Because of the mapping of code instructions, the entire virtual address space cannot be used entirely by IPv4 addresses, so what is the solution?

Now that you have learned to think, why do you have to copy it completely? Direct use of MMU facilities? This idea is too crazy, but also proves that thinkers are too lazy! Admittedly, you can use a set of facilities in the virtual MMU with virtualization support, but this only means that you are proficient in the hardware itself. Why not build your own soft MMU?

There is no doubt that the construction of the DxR routing table is compact and subtle, it does not expect to use off-the-shelf MMU, but adds a dichotomy to it, which is a good compromise simulation, and I can do the same. I don't expect this matching algorithm to simulate MMU itself to be fast, but I want to learn the idea of DxR, even if a compact data structure is used to improve the utilization of CPU Cache, as much as possible to Cache the results to CPU instead of sending requests to the bus! What can I do if I completely use the system's hardware MMU? Can I use its TLB? If not, what's the point?
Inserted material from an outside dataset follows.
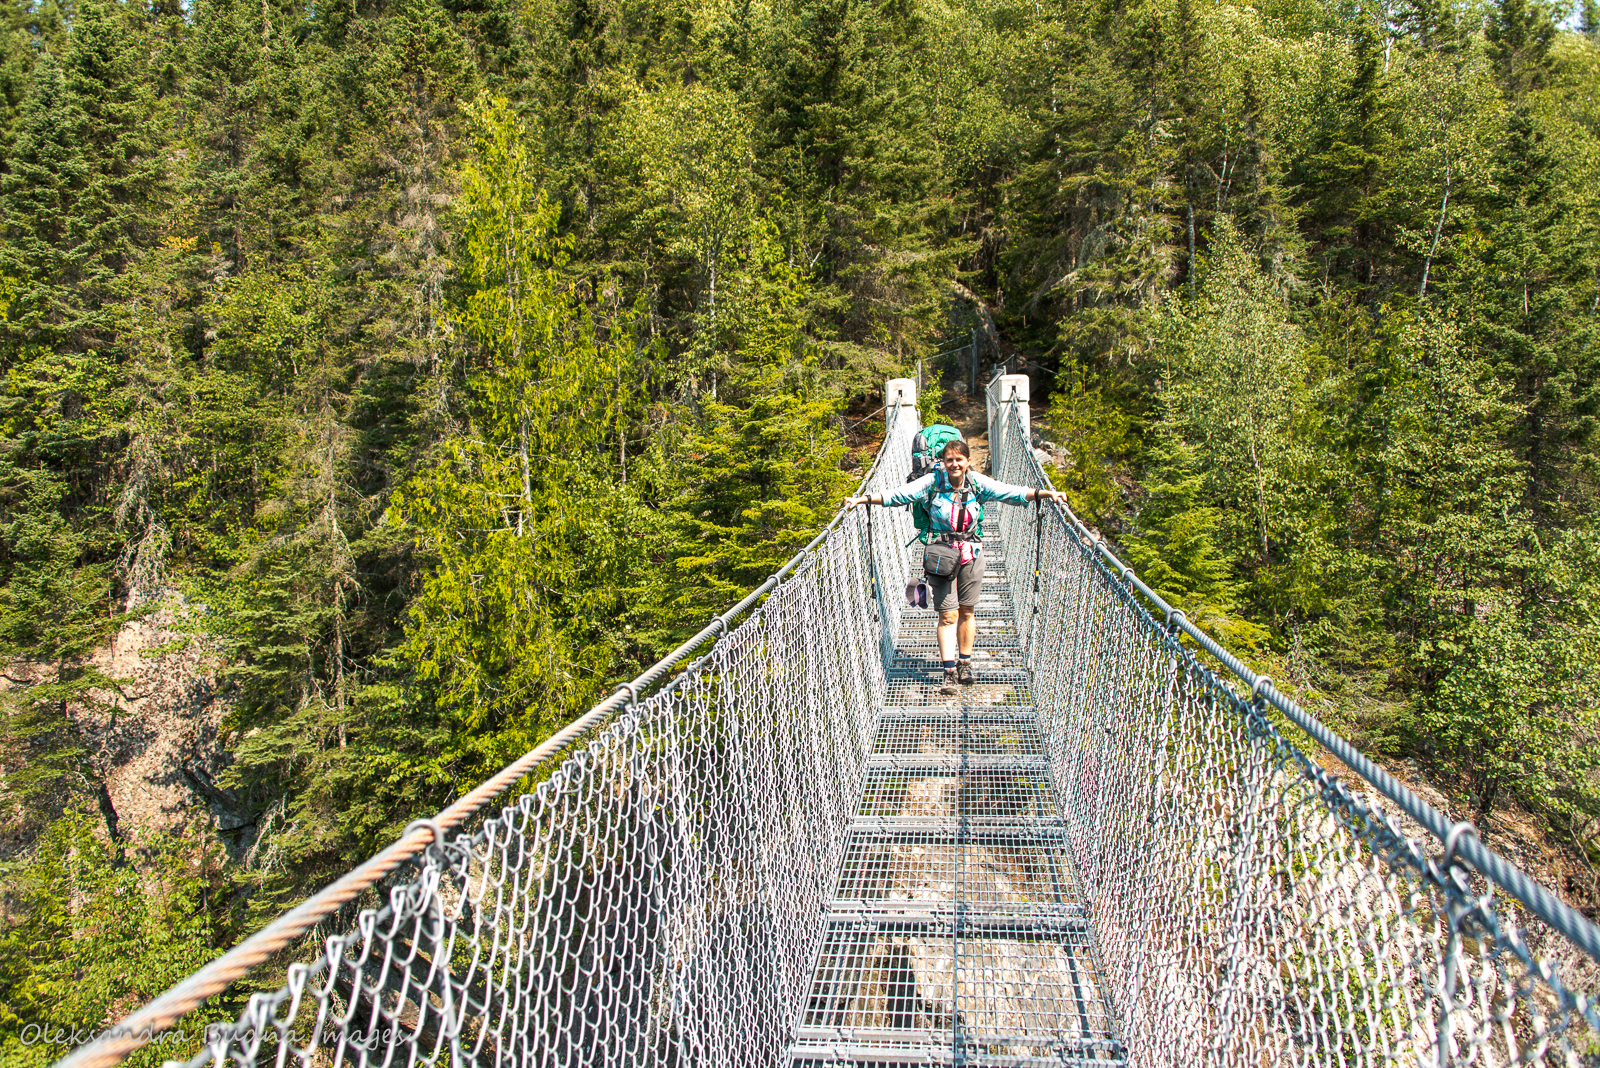 crossing suspension bridge over White River in Pukaskwa

Do you know what it means to hit TLB? Did you know that most MMU addressing operations are basically hit in TLB instead of looking up the page table directly? TLB is a kind of Cache! Therefore, simulating MMU is not the fundamental goal, using Cache is the king!

We know that CPU Cache (including TLB) can be hit with considerable frequency because of the locality of memory addressing! For IP addresses, does this locality exist? Imagine that multiple data packets belonging to a data stream will continue to pass, and the packets of different data streams will pass through the wrong peaks, and you will know that the locality principle is a universal principle. Traffic engineering on core paths is path-based, while QoS is application-based, and this principle of classification promotes locality rather than offsets it! After all, classification, what is classification? This is a philosophical question. 2000 years since Plato, people are still debating whether classification is for aggregation or hashing.

This is a harvest during the Spring Festival of the year of the Goat. I compared MMU and simulated MMU. Another harvest is that I read a lot of history books and watched several movies, including a decent horror movie "resentful Spirit", which talks about history in Shaoxing Lanting.

Welcome to subscribe "Shulou Technology Information " to get latest news, interesting things and hot topics in the IT industry, and controls the hottest and latest Internet news, technology news and IT industry trends.

*The comments in the above article only represent the author's personal views and do not represent the views and positions of this website. If you have more insights, please feel free to contribute and share.